AFI Fest Review: Queen of the Desert is the Fitzcarraldo of My Reviews

A Werner Herzog movie can go either way, and there’s always hope that even a failure can be magnificent. It wasn’t promising to learn that the U.S. cut of Queen of the Desert would be shorter than the one screened in Berlin, so I already steeled myself for the latter variety. Unfortunately Queen of the Desert is the worst kind of bad. It’s just boring. It’s taken me so long to compose my thoughts, this review has become my own personal Fitzcarraldo.

Gertrude Bell (Nicole Kidman) was instrumental in mapping the Middle East and defining the regions we know today. I learned that from Wikipedia because in the movie I couldn’t figure out the significance of Bell going from sultan to sultan in the Sahara. She gives gifts to each sultan she meets but the extent of her diplomacy is left to the imagination.

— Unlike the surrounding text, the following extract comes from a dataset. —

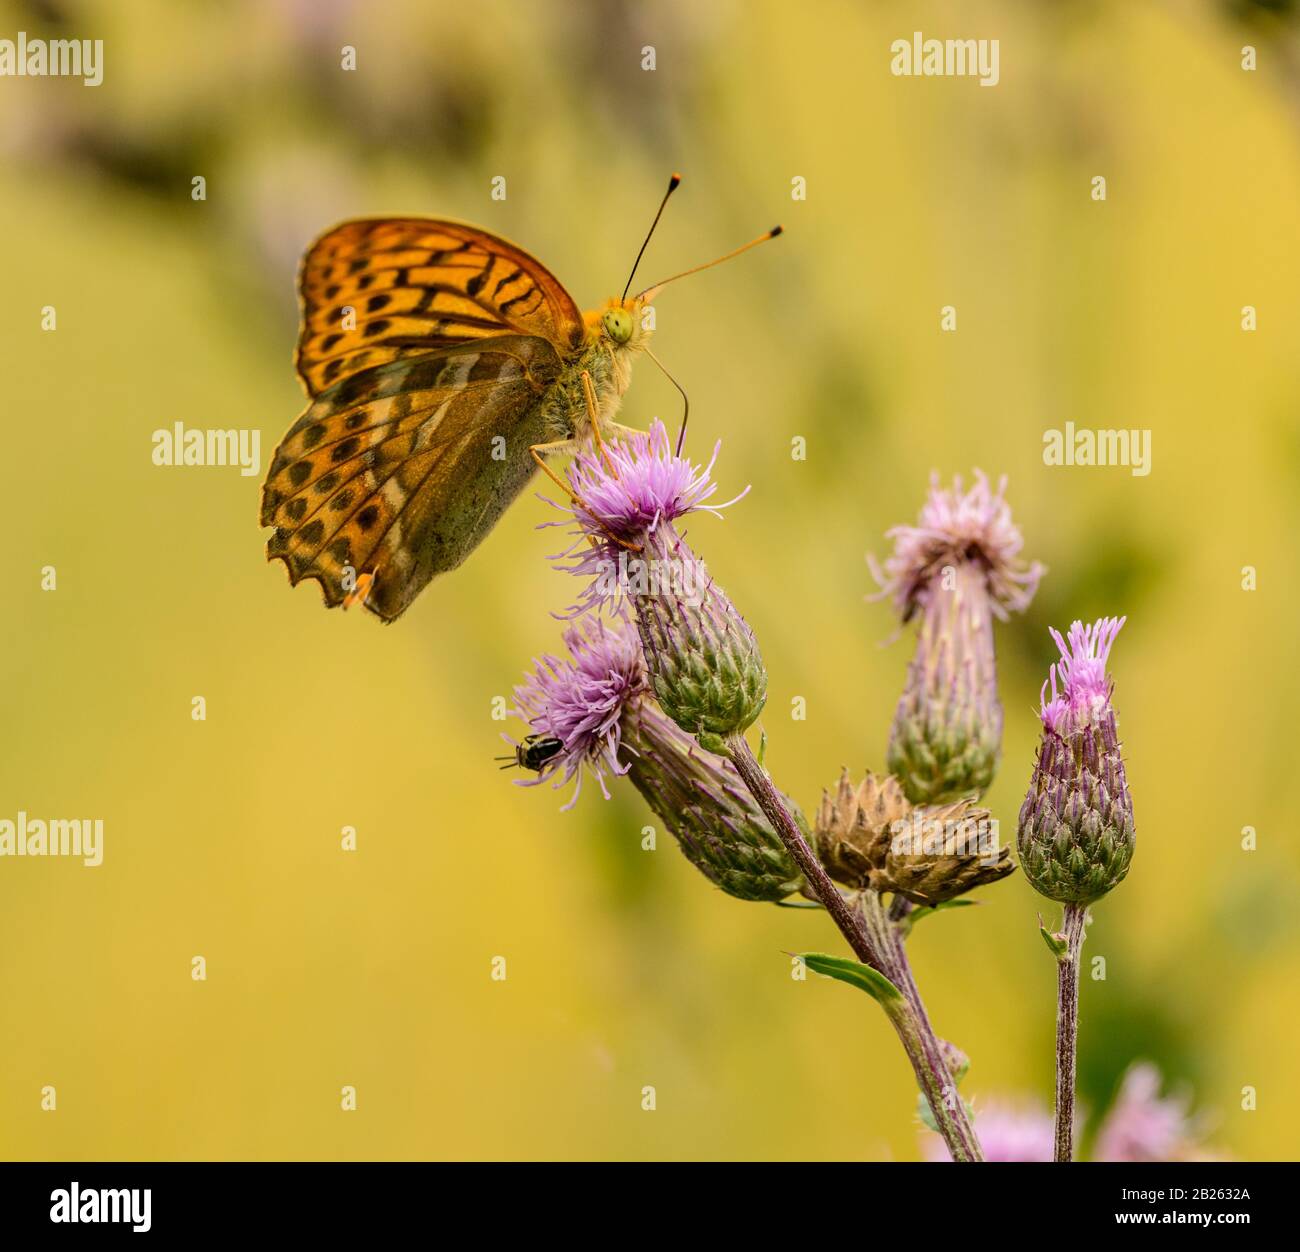 mariposa marrón anaranjada sentada en la flor del cardo, salvaje Foto de stock

The men in Bell’s life seem just as random. Henry Cadogen (James Franco) is an early love, but when he introduces himself, it sounds like Franco is saying “turducken.” He disappears so unceremoniously, we have to take the film’s word for it that Bell is heartbroken. They never had any chemistry.

Bell has a dalliance with married man Charles “Richard” Doughty-Wylie (Damian Lewis) that continues to permeate her desert journey. So, was Gertrude Bell only defined by the men in her life? The suitors who gave her gifts and the sultans she sweet talked? Robert Pattinson is the only one who makes sense as T.E. Lawrence. At least it seems like he’s playing the historical figure, as little screen time as he has, and maybe paying homage to the famous biopic of his character.

It spans 23 years and no one ages. Granted, when it begins in 1898, Bell is much younger than Kidman. It’s suspension of disbelief, but could we not at least get a gray hair in 1920?

We get sweeping shots of the desert, but it’s digital and appears flat and lifeless, even when we see the wavy heat blur. Kidman’s sheer white bathing gown clings to her breast in what is surely a seductive shot out of context.

The U.S. cut fades to black a lot. Maybe that’s where they made cuts from the long version, but it only draws attention to itself. Why not just cut to the next scene? It only draws attention to the fact that wait, we’re fading to black already but we haven’t seen anything yet.

It’s an incompetent movie on a superficial level, but when Herzog’s politics become not so subtly apparent, it’s even more ridiculous. Churchill is portrayed as a buffoon, and a series of text epilogues confirms what Herzog really thinks. I’m all for filmmakers using art to forward their political agenda. Oliver Stone is great at it, and at its best the movie still works if you disagree with the politics. Here, the politics are an addendum to a mismanaged history lesson, so it fails to convey what Gertrude Bell did and it’s a polemic that seems to come out of nowhere.

Queen of the Desert is not Herzog’s Lawrence of Arabia, and it’s not even Fitzcarraldo in the desert. There’s no one clear task like dragging the boat. Since he can’t convey its own politics narratively, Herzog resorts to stating them blatantly in on screen text. Big name actors, costume drama and epic landscapes are not enough to make a historical biopic. It was such a compilation of nothing that I remained in bewilderment on the drive home, unable to express any thought other than “God dammit.” Maybe that’s why it took me so long to even approach this review. I can’t remember another time I had to describe nothing. I’m sure it’s happened, but that was the Fitzcarraldo of reactions.